Наконец — как я ждал этого! — из чащи леса выходит Лауэри и, спускаясь по склону холма, приближается к домику. Рубашку он снял и держит в руке. Он сильный красивый мужчина, он воплощение жизненного успеха, его вторжение в мир Элен каким-то странным и чудесным образом принесло ей исцеление… Элен не повезло только в том, что она его терпеть не может. Джимми — вот кем она бредит по-прежнему, Джимми — и тем праздником, в который превратилась бы ее жизнь с ним (и превратилась по праву), если бы сама Элен не показала себя (ни с того ни с сего) высоконравственным, не способным на убийство, человеком.
— А может, я полюблю этого ребеночка, — неуверенно говорит она.
— Может, и полюбишь. Такое порой бывает.
— А с другой стороны, я вполне могу его и возненавидеть. — Она со строгим видом поднимается с места, приветствуя супруга. — Иногда я воображаю, будто именно так и выйдет.

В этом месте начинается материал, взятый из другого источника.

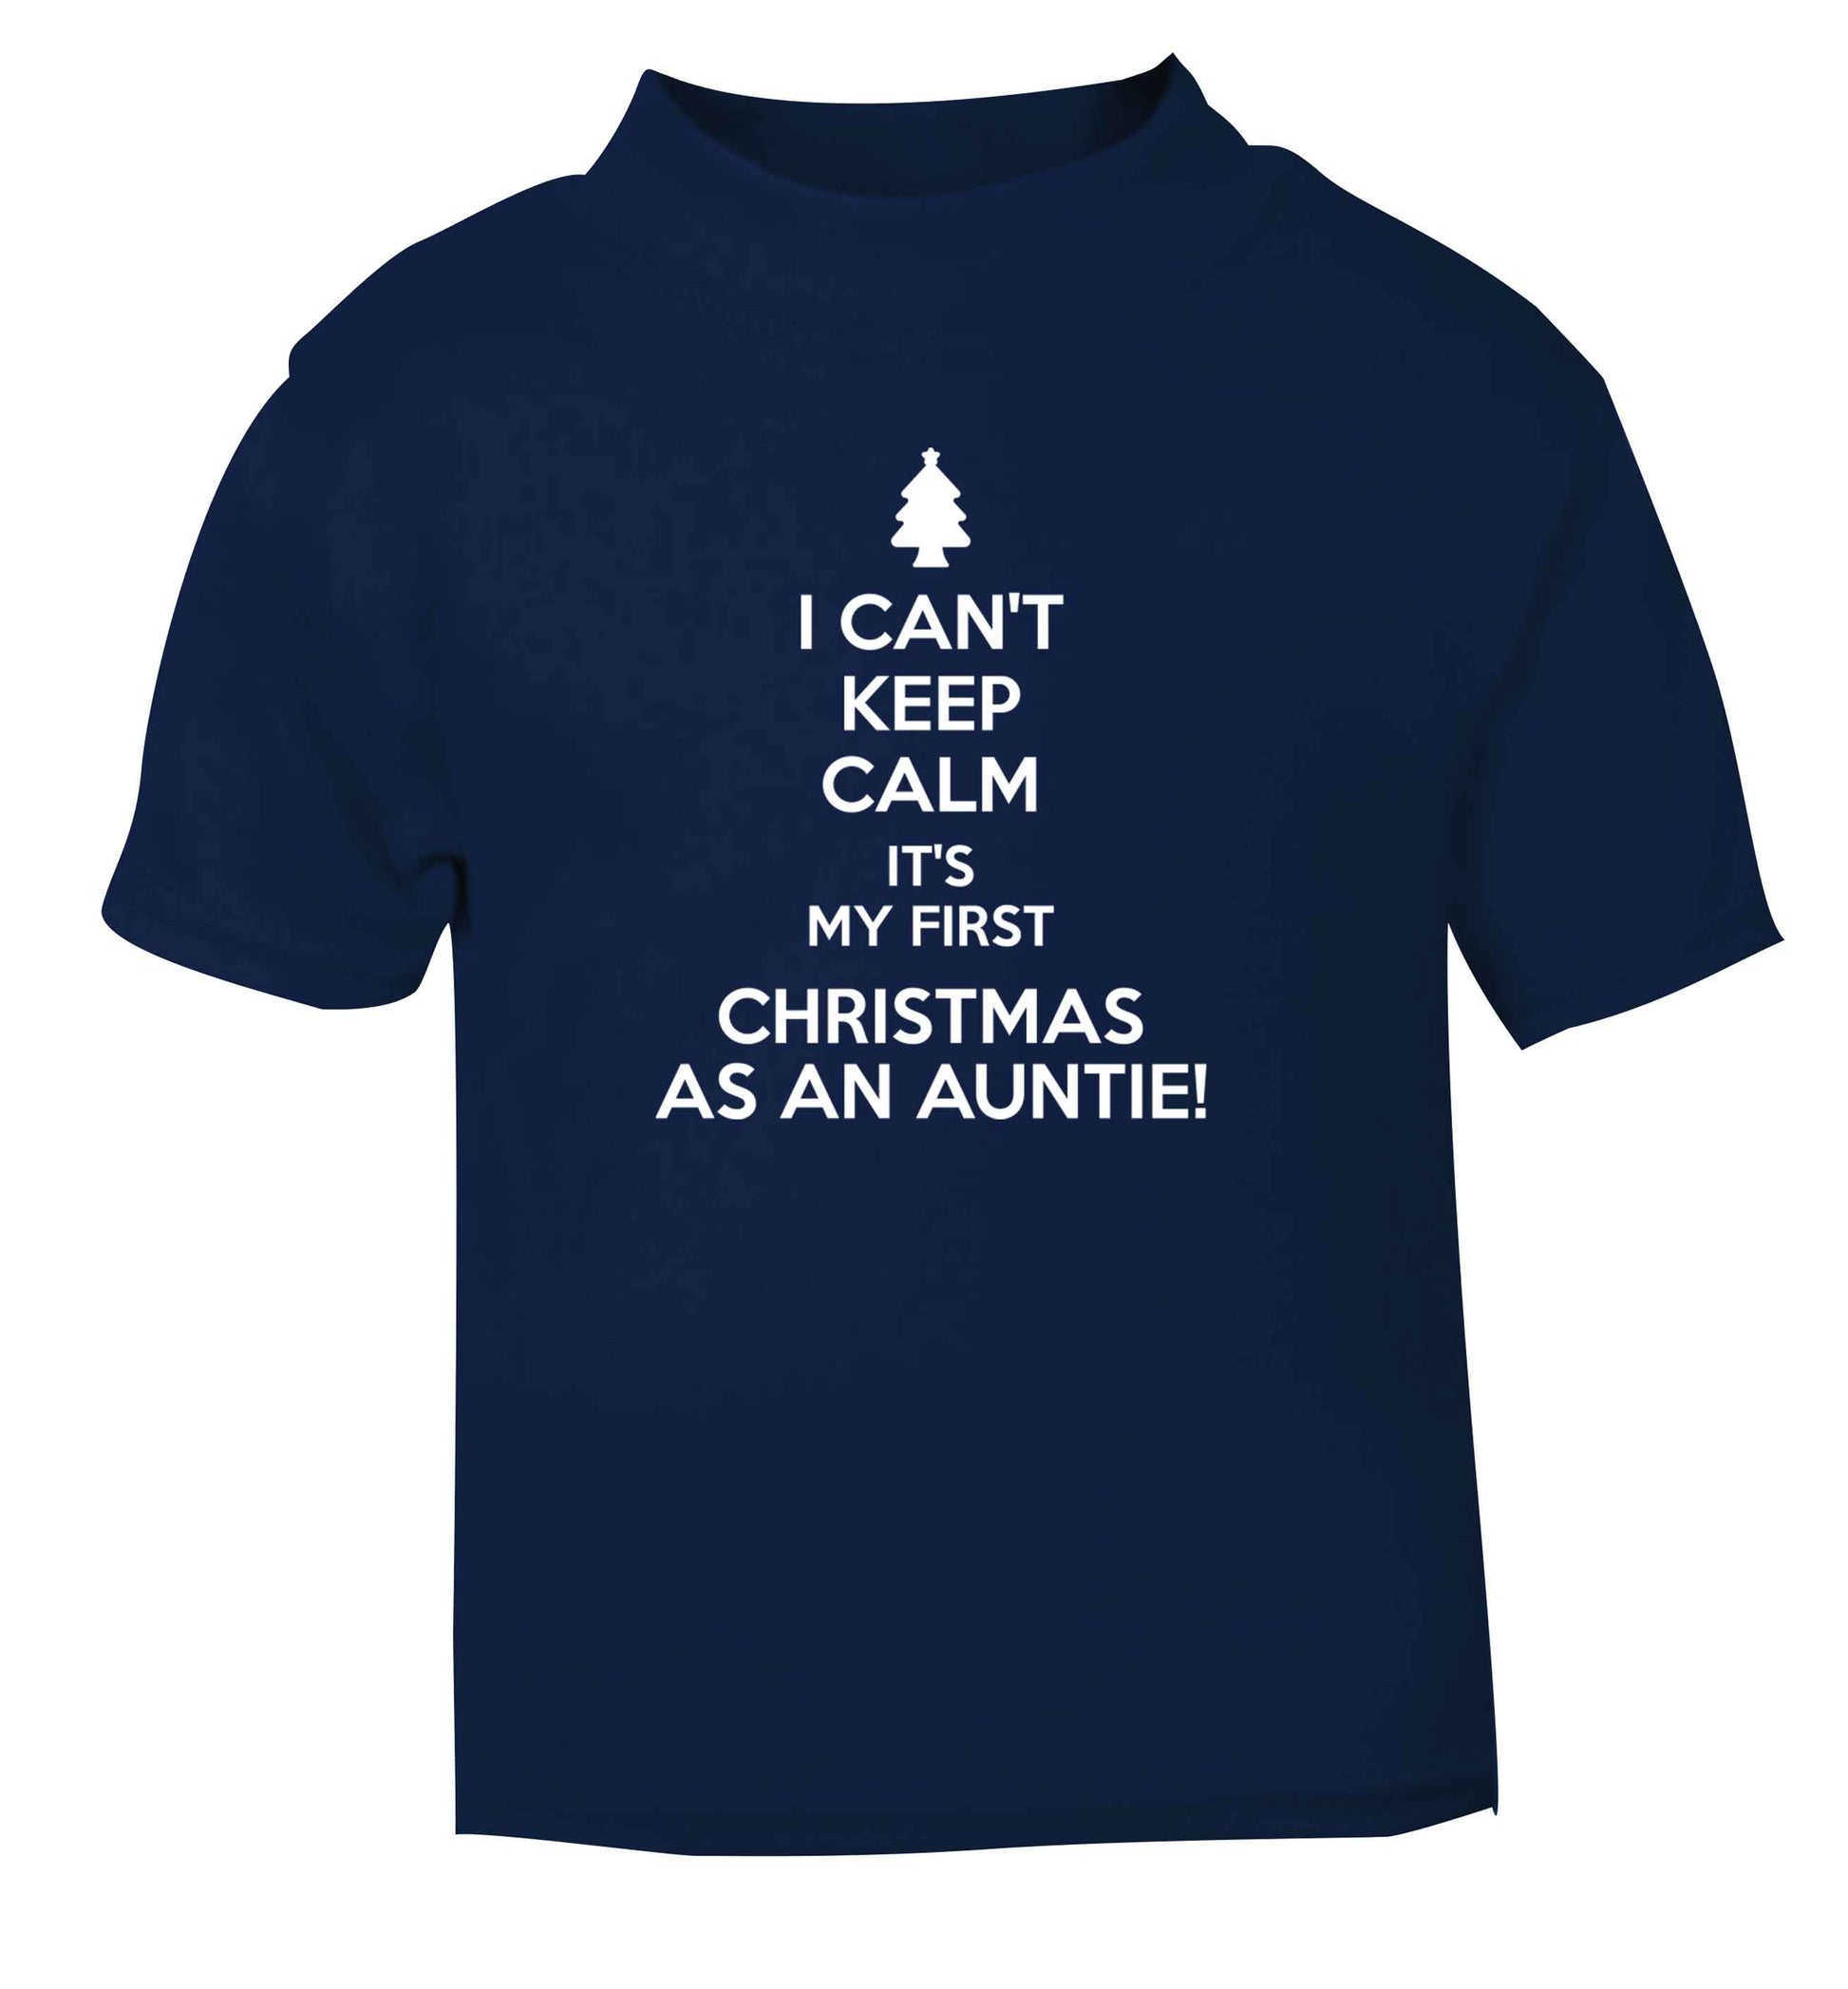 I can't keep calm it's my first Christmas as an auntie! navy Baby Toddler Tshirt 2 Years

После их отъезда — а простились они и впрямь, как новые соседи, заехавшие только познакомиться, с улыбочками и пожеланиями доброго здравия и многих лет — я надеваю плавки и направляюсь пешком к пруду, это где-то полтора километра. Я ни о чем не думаю и ничего не чувствую; я окаменел, как человек, попавший в периметр страшной автомобильной катастрофы или взрыва: он мельком взглянул на лужи крови и сразу же, целый и невредимый, как ни в чем не бывало удалился по своим делам.
На краю пруда копаются в песке малыши под надзором лабрадора Солнце и няньки, которая поднимает глаза от книги и говорит мне: «Привет!» Читает она, кстати, «Джейн Эйр». Купальный халат Клэр разложен на камне, на котором мы всегда оставляем наши вещи, а сама она нежится на солнышке, забравшись на плот.